What you will do — In the records that follow, the lines from the one containing "Aktivistische soziale Bewegung, die" to the one containing "Arbres disposés en", inclusive, are to be given again exactly.

─── Input for this task ───

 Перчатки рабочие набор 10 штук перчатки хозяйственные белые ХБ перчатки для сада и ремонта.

───
─── Input for this task ───

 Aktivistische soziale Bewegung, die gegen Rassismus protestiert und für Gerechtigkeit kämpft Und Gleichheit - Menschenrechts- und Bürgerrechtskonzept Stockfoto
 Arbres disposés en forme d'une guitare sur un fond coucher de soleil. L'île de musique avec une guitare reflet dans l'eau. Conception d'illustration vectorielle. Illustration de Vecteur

───
─── Input for this task ───

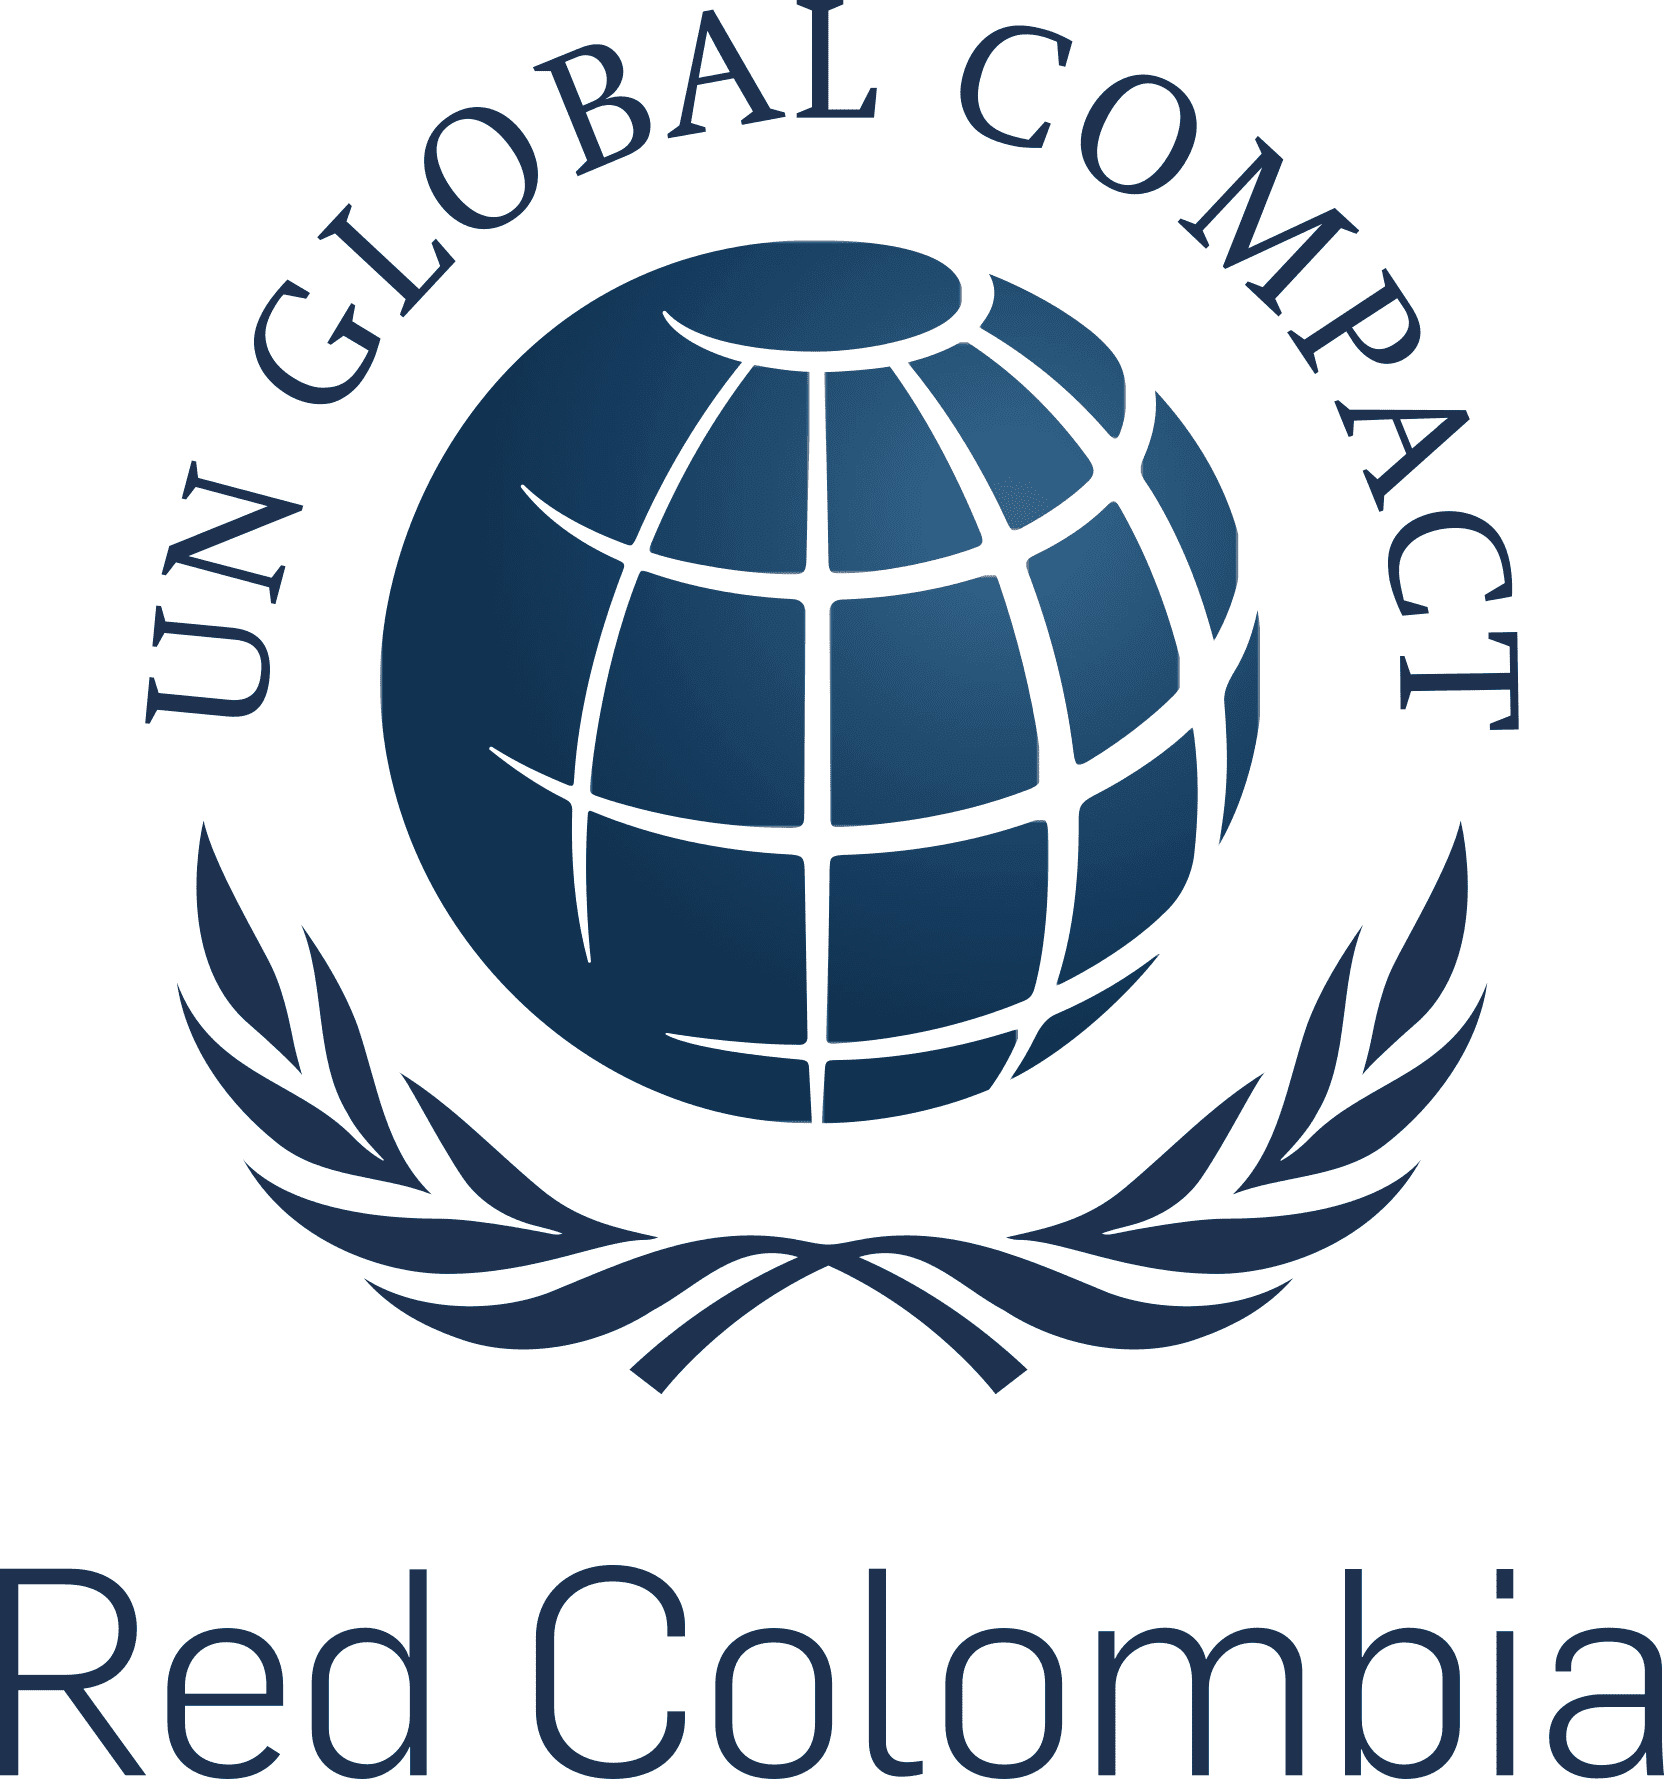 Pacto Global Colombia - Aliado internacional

───

Result of the exercise —
 Aktivistische soziale Bewegung, die gegen Rassismus protestiert und für Gerechtigkeit kämpft Und Gleichheit - Menschenrechts- und Bürgerrechtskonzept Stockfoto
 Arbres disposés en forme d'une guitare sur un fond coucher de soleil. L'île de musique avec une guitare reflet dans l'eau. Conception d'illustration vectorielle. Illustration de Vecteur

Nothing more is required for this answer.